The 1913 edition of the Manila Carnival opened with a lot of speculations, with many predicting that the pomp and grandeur of the past Carnival outings can not be duplicated by the Carnival Committee this year. Sure enough, when the gates of the Carnival opened, there was no Auditorium or stage—traditional centerpiece of the Manila Carnivals where all-important events—like the coronation of the Carnival royalties—took place.
But the absence of an auditorium did not prevent the Committee from staging a noteworthy event, for in 1913, the hallmark of the Carnival proved to be the “Dia Filipina”, a special ‘Philippine Day’ that aimed to showcase the commercial progress as well the richness of the country’s culture. This objective found full expression in the most lavish, most extravagant float parades with a record-breaking number of participants from various sectors of the government and the private industry. To fuel excitement and attract participation, cash rewards were given out for the most creative floats that awed the Carnival spectators no end.

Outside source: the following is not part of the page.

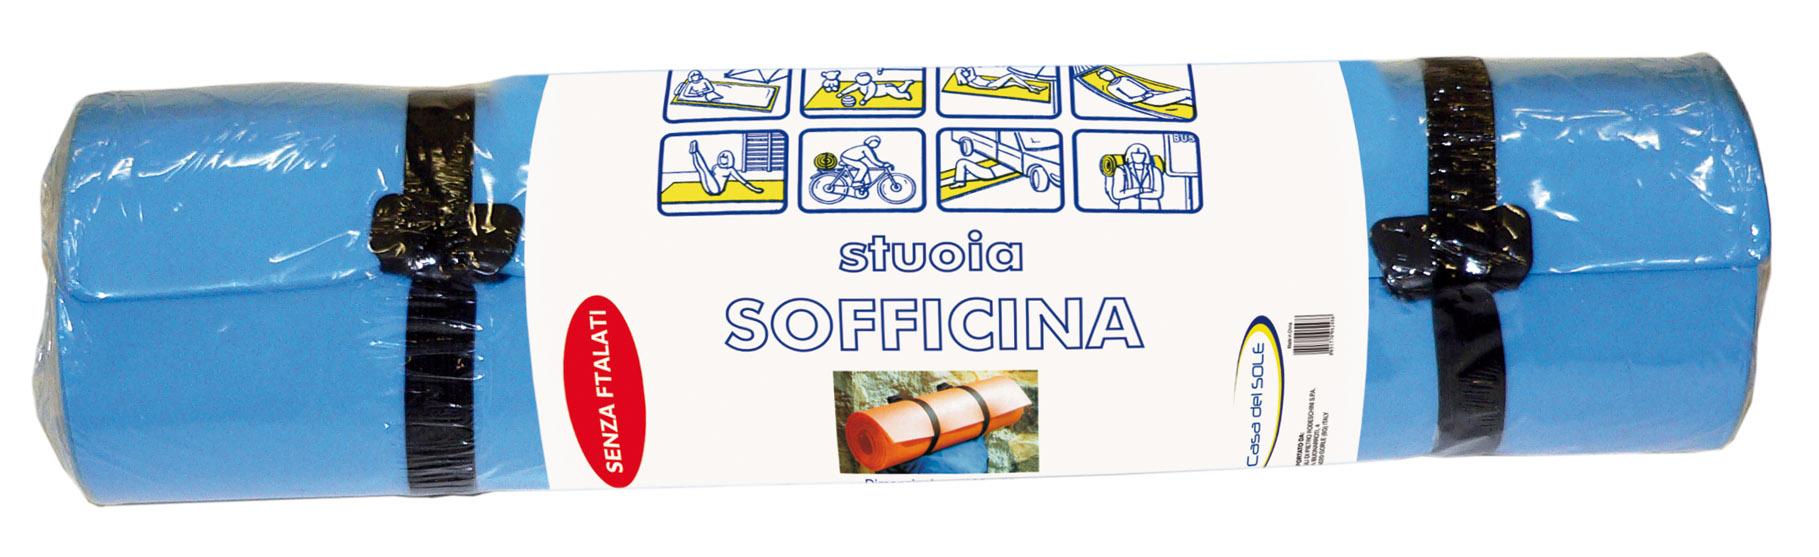 STUOIA 180X50X0 6 SOFFIC ROT

The ‘procesion comercial’ (commercial parades) were held on a Saturday weekend, and they began from Meisik in Tondo all the way to the Luneta. Not just carrozas were dressed up for the parade, but also automobiles, and many observed that the fabulous decorations rivaled those seen in major cities and towns of Europe and America.
Leading the Saturday parade where the police troops of Manila, smart in their khaki uniforms. The float of the Carnival mascot, El Diablo Rojo (The Red Devil) followed next, and it was so designed as to show the large devil stooping down to cover the Queens of the Carnival. The Constabulary Band came in next, playing military airs and thereafter, the float of the City of Manila, the music band of La Paz y Buenviaje ( a leading cigar firm), the airplane-shapedfloat of the Union Truck Company, La Germinal float, San Miguel Brewery float, Sanitary Steam Laundry float, Normal School float and a host of gaily-decorated automobiles from Mr. Warner Tivan, Auto Palace and Berry’s.
The next day, the Carnival crowds were treated to a more spectacular parade as more participants from various socio-civic associations, schools and universities joined in the festivities. The parade kicked-off with twelve marshalls at the helm, a marching band from Meralco, soldiers and constables on foot and the committee members of ‘Dia Filipina’. There followed a magnificent golden float in the shape of a gondola, riding the ocean waves and bearing the Queens of Luzon, Visayas and Mindanao.
There was a hitch however, as this float broke down in front of San Sebastian Church and the royals and their courts had to transfer in two cars and caruajes to complete the parade.
Trailing the royal float were other minor beauties from various Manila districts and several school battalions from Liceo, Instituto Burgos and San Pablo. A motley group of civic associations from Sta. Cruz, San Lazaro and Sta. Clara like Ang Sulo, Lakas ng Mahihirap, Biglang Awa, Hijos de Siglo, Mithi ng Katalinuhan, fielded delegates.
At the end of the parade, the winners of float contest were announced, with corresponding cash awards. The Best School Battalion was won by Liceo de Manila, Best Banner: Kap. Kawanggawa (Confederacion de Sta. Cruz), Best Float: Bureau of Public Works, Best Automobile: Union Truck, Best Carriage: Normal School, Best Motorcycle: Union de Ciclistas, Best Commercial Float: La Paz y Buenviaje, Best Student Float: Tuna Alegre, Best in Uniform: Habag Kapatid, Best Women’s Group: Liga de Mujeres, Best Band: Meralco, Best School Participation: Instituto de Burgos and Most Number of Delegation: Paaralang Artes y Oficios.